Dalam rancangan qanun juga disebutkan, Pemeritah Aceh diminta mempertahankan habitat permanen satwa liar, serta memulihkan spesies kunci. Penetapan zona perlindungan intensif dapat diberlakukan untuk mewujudkan hal tersebut.

Baca juga: Sudah Saatnya Pemelihara Orangutan Diproses Hukum

 

Evakuasi orangutan dilakukan untuk menyelamatkan satwa dilindungi ini dari konflik atau habitatnya yang rusak. Foto: Junaidi Hanafiah/Mongabay Indonesia

 

Nurzahri melanjutkan, untuk perlindungan habitat, setiap orang dilarang merencanakan atau mengganggu dan merusak habitat satwa liar, melakukan kegiatan yang mengancam plasma nutfah, membuat, mempergunakan dan memasang jerat dari jenis bahan yang mengancam satwa liar dilindungi. Juga, dilarang mencemari sumber-sumber air dan atau sumber makanan yang ada.

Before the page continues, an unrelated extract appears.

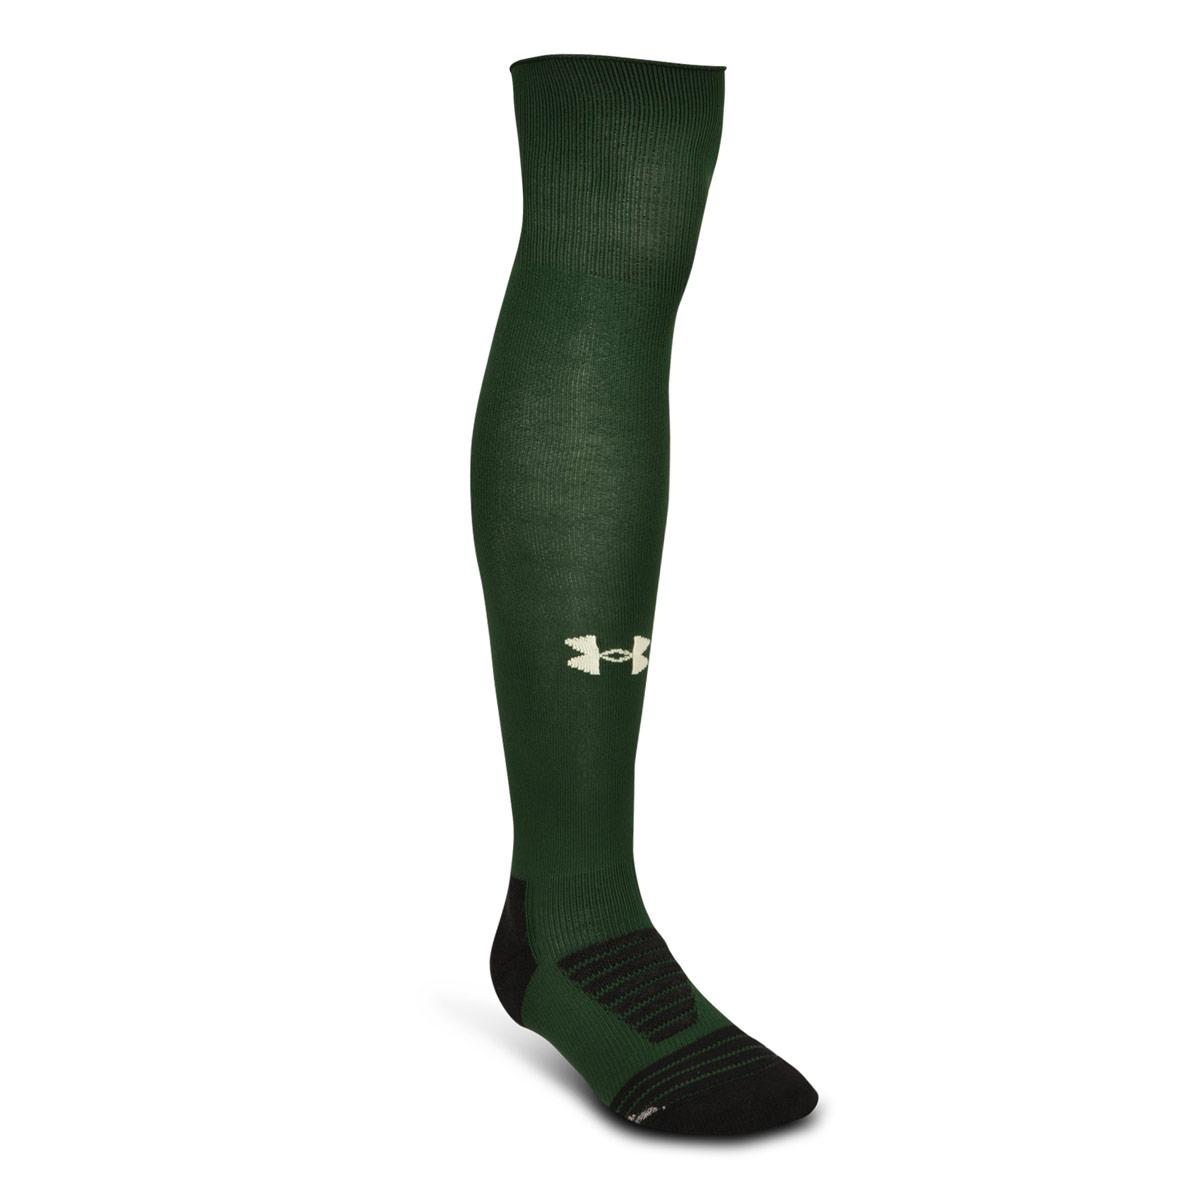 933a5f55a 2020 Kids Wales Alternate Rugby Socks | rugbystore

Selain diancam hukuman melalui Undang-Undang Nomor 5 Tahun 1990 tentang Konservasi Sumber Daya Alam Hayati dan Ekosistemnya, pelaku yang merusak habitat satwa liar juga akan dihukum lagi. “Dicambuk 60 kali atau denda 600 gram emas. Sementara pejabat yang lalai sudah jelas, hukuman cambuk 100 kali atau denda 1.000 gram emas murni,” paparnya.

 

Kasus beruang kena jerat babi yang dipasang pemburu, hingga harus diamputasi ini terjadi pada 11 Juni 2019. Foto: BKSDA Aceh

 

Kepala Balai Konservasi Sumber Daya Alam [BKSDA] Aceh, Sapto Aji Prabowo, mengapresiasi aturan perlindungan satwa liar tersebut.

“Selama untuk kepentingan perlindungan satwa liar dilindungi, kami sangat mendukung. Dalam beberapa kali pertemuan, BKSDA telah memberi masukan untuk kesempurnaan qanun tersebut,” sebutnya, Rabu [04/9/2019]

Sapto berharap, aturan itu tidak dibuat buru-buru atau kejar tayang. “Ini sangat penting, sehingga benar-benar menyentuh perlindungan satwa liar dan habitatnya. Tidak ada yang tertinggal dan pastinya tidak bertentangan dengan aturan lebih tinggi,” tegasnya.